The next 15 minutes he was mumbling and I had to get him to repeat nearly every sentence he spoke.

You’ve just met my doctor!

After telling Siva a detailed account of my problem, he stared at me.

Maybe he was thinking.

He then prodded me a little and mumbled some more.

After, “Huh?” “Could you say that again?” “What was the last word?”

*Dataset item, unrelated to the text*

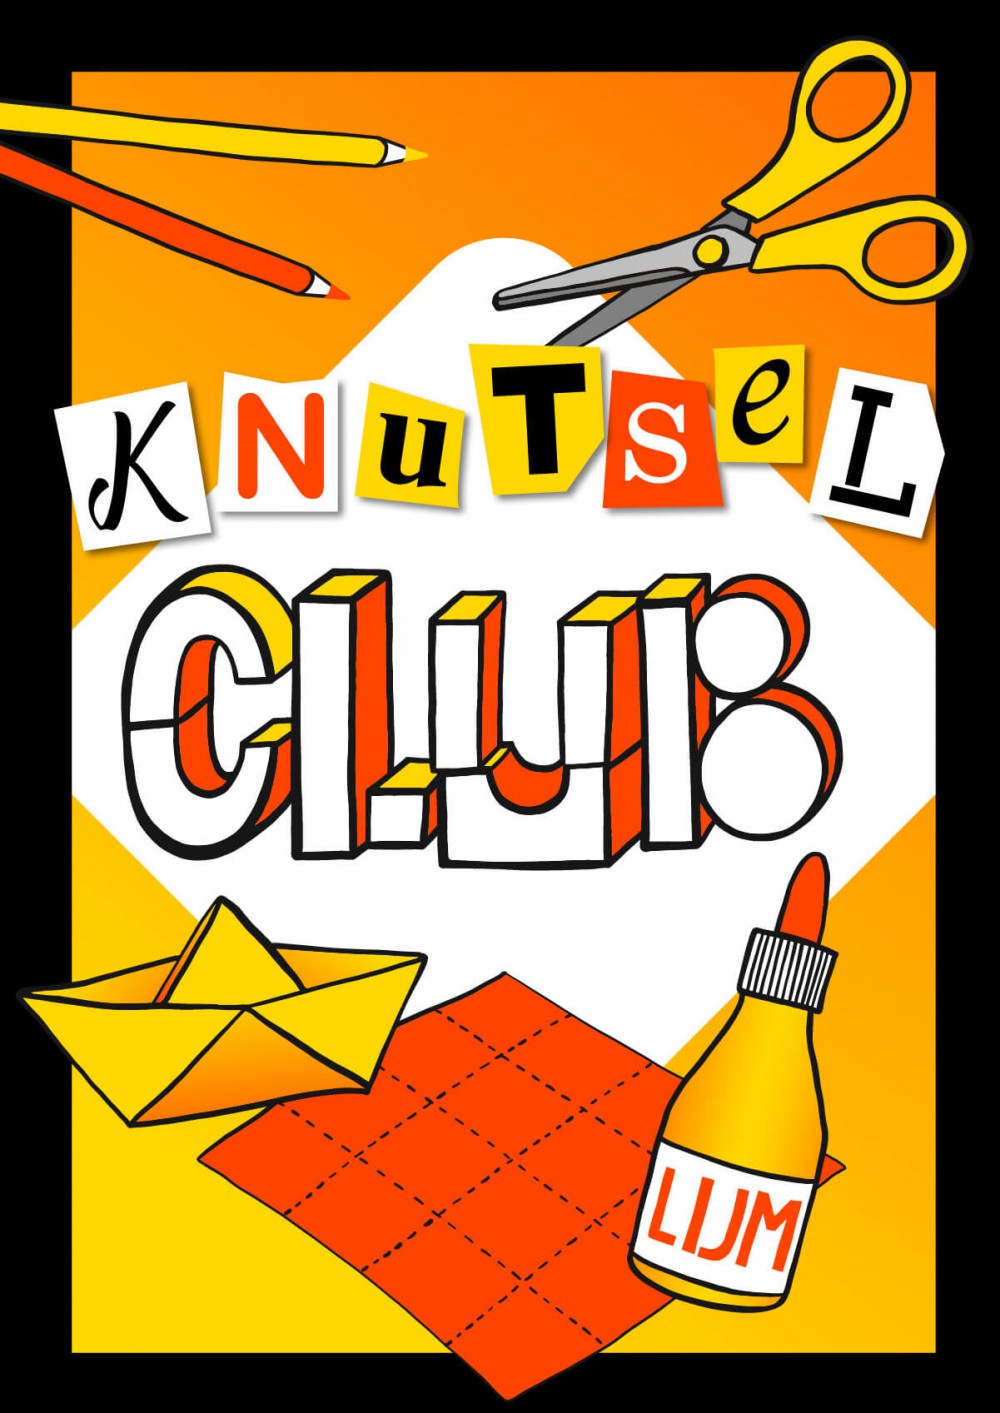 Knutselclub

Then I got the message – Do you want an injection or would you prefer a tablet?

INJECTION please thankyew.

So he jabbed me in the butt with Buscopan + Zantac. I swear that needle must have been in there for at least 10 seconds. Was a little afraid Siva had fallen asleep.

So basically I went home with (this section is for my Pharmacist friends)….

  1. Omeprazole 20mg od
  2. Ranitidine 150mg bd
  3. Syp MNT (after checking BNF I’m guessing it’s Magnesium Trisilicate, am I right?) 15ml tds

As you can guess..

Diagnosis? Gastritis

It’s been at least half an hour and that jab in the butt has not taken effect. If anything, it’s hurting even more.

I want to sleep damnit!!

My idea of a quiet night in when everyone else is too busy to choi me

  1. Air conditioned room with green tea essential oil in my aromatherapy burner.
  2. A long warm shower followed by a face masque and full body moisturisation.
  3. Boxies and an old pair of PJ’s.
  4. Cuppa hot chamomile tea in my fav gigantic pink mug.
  5. Internet with MSN status offline.
  6. A good baking book with loads of colourful pictures. Food makes me happy.

All this is necessary because apparently I’m an eyesore to a certain someone. Sucks when there is a divide between friends. Sucks even more to think that I’m going to end this amazing year knowing that someone has a problem with me.

This is not an emo post.

And I am not sulking.

Who am I kidding.

Btw Merry Christmas.

Tans will fade

Scars will heal

Weight can be lost

Hair can be cut, dyed and styled

So why are people so fixed on physical appearance?

It’s appalling how some people have eyed me from head to toe and frowned at my scars, bites and bruises. Throwing negative comments on my hair colour and style. All these while being well aware that I’ve been volunteering in Borneo for the past 10 weeks and not indulging in a R&R health and beauty spa in Bali.

So much that I’ve learnt, seen and experienced. So much work that we’ve done to make a difference in the lives of others. And all people are interested about are my skin imperfections.

OH MY it has been 10 weeks.

10 weeks filled with joy, tears, pain, laughter, frustration, satisfaction…

But most importantly it has been 10 fruitful weeks that has ended with an amazing sense of accomplishment.

It seems surreal. Just a week ago at this exact time I was cold and probably definitely smelling funky, lying asleep in my hammock, deep in the Borneo jungle. Tonight I will have a soft bed 3 pillows, fresh sheets and a soft quilt to keep me warm in my sweet smelling, air conditioned room.

What a journey it has been – a journey of self discovery, intense learning, physical and mental challenges… a journey that has rewarded me with a network of awesome new friends from all over the globe.

A journey that has also left me scratched, bitten, stung, bruised, cut and infected.

I’m sore.

No worries, nothing a doctor can’t repair.